Recognizing that there’s a difference between a person who lost their job during the recession and wound up with bad credit and a person who has always had bad credit, the credit-reporting agencies recently tweaked their scoring methodology.

They use a system called VantageScore to determine a person’s credit score, which takes into consideration a person’s payment history, how much they use their credit cards, if they carry a balance, how long they’ve been using credit cards and how much credit the person still has available. VantageScore 2.0, which launched at the beginning of 2011, blends data from two different timeframes — 2006 to 2008 and 2007 to 2009 — in order to distinguish those people who may have been fiscally responsible before the recession but fell on hard times in the past few years.

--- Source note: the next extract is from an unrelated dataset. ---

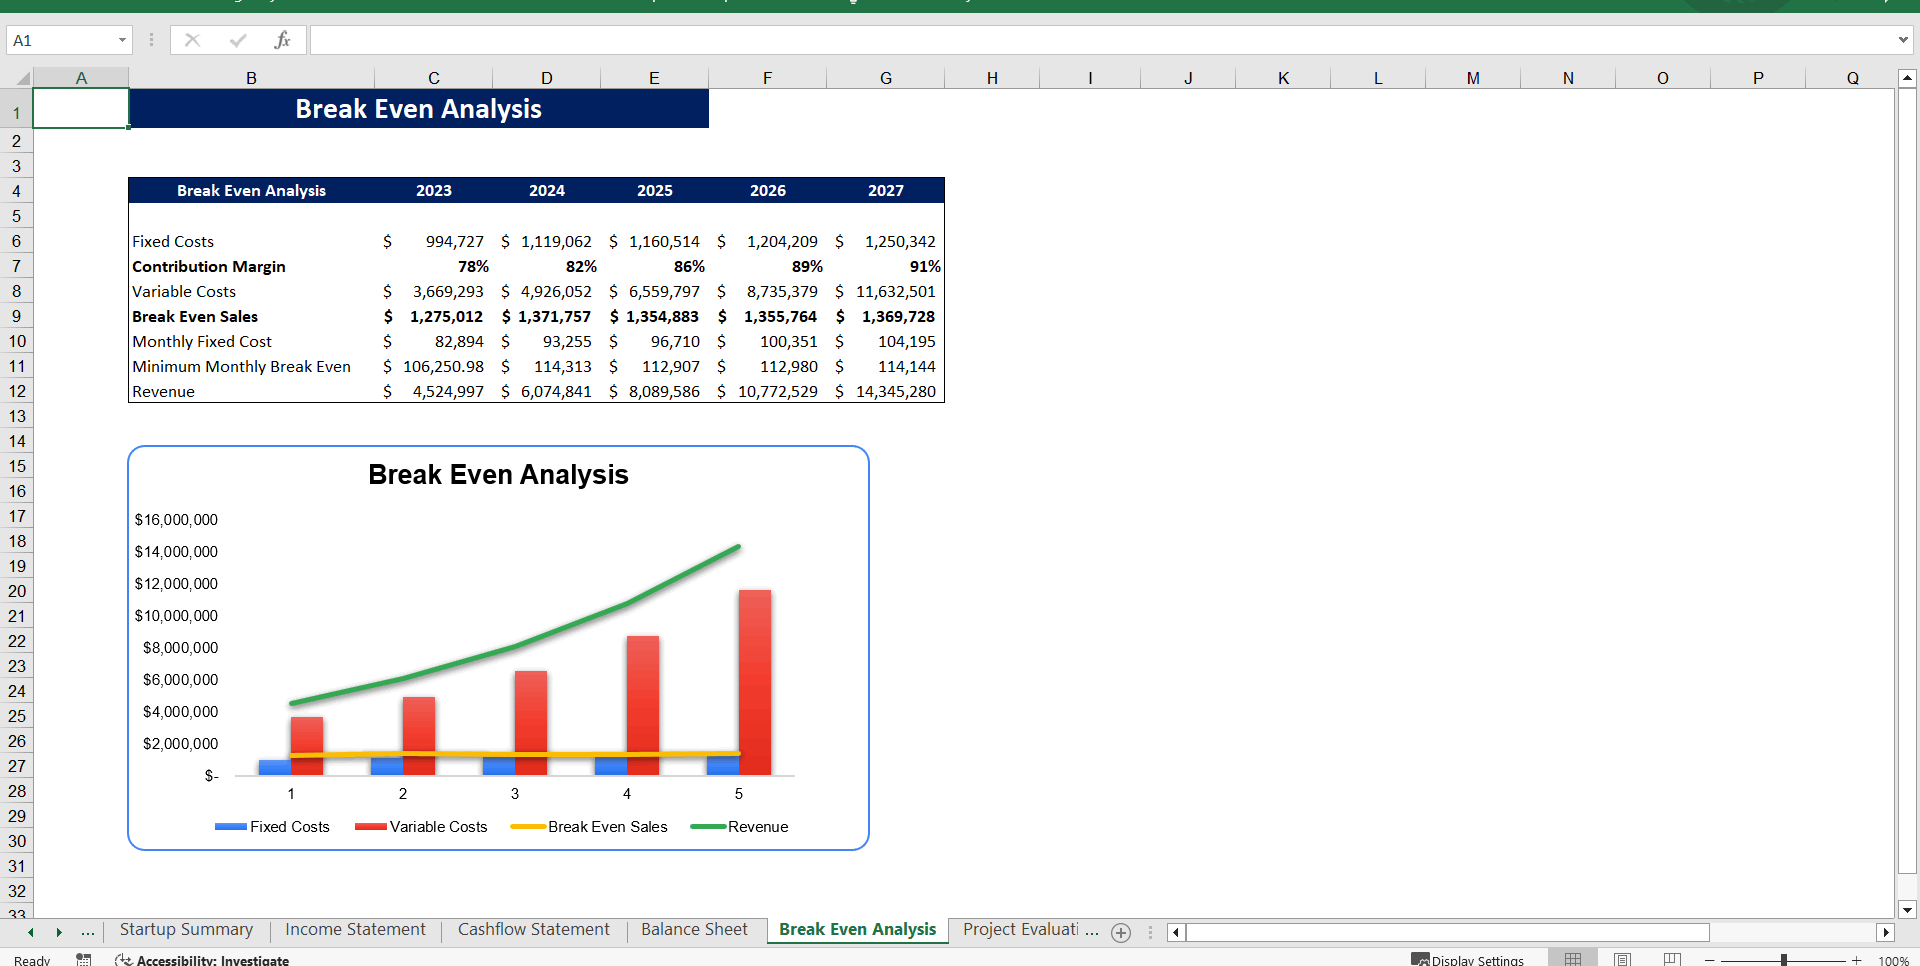 Rental Equipment Excel Financial Model (Excel template (XLSX)) Preview Image

“By using a development sample from this extended window, VantageScore 2.0 captures both a broad and recent set of consumer behaviors across the full spectrum of economic events, reducing algorithm sensitivity to highly volatile behavior that can be found in a single timeframe and extending performance stability over time,” VantageScore said in a statement.

Regardless, Meschke said, hiring managers need to dig a little more nowadays to vet a candidate, not just take data from a background check at face value.

Meschke recalls one of his clients, a hospital, that contracted him to help find a chief nursing officer. They found a great candidate but learned through the background check that she had once declared bankruptcy. The job involved some financial responsibilities, so they almost didn't hire her. But, after they looked into it, they learned that the candidate and her family had taken in their grandparents and also taken over the loan on the grandparents’ house. Then, one member of the family lost their job and they had to foreclose on the grandparents’ house, sending the family into bankruptcy. The hospital gave her a second chance and the woman got the job.

Not only are people with bad credit being given a second chance in many cases, there’s also a camp that’s in favor of hiring those with bad credit.

“I’ve heard an argument that hiring someone with bad credit can be a really smart move — that employee really needs the job and will stay longer,” said Bonnie Zaben, the chief operating officer of media-recruiting firm Aclion. “It cuts down on employee turnover, which can be a real cost saver. Using the conventional wisdom that the costs of turnover is 150 percent salary, you’ve now saved a bundle by retaining that employee,” Zaben said.

One thing most hiring managers can agree on: Candidates who might have a blemish in their credit history need to volunteer that information and an explanation of what happened as quickly as possible.

“Don’t just hide behind it … Leaving it up to chance is a bad decision for a candidate,” Meschke said. “They will find out about it. It’s just a fact.”

Employers are more receptive to hearing an explanation than most candidates think.

"If you can give me a plausible explanation about why this derogatory information should not be a cause for concern, I’m more than happy to hear it,” DesBarres said.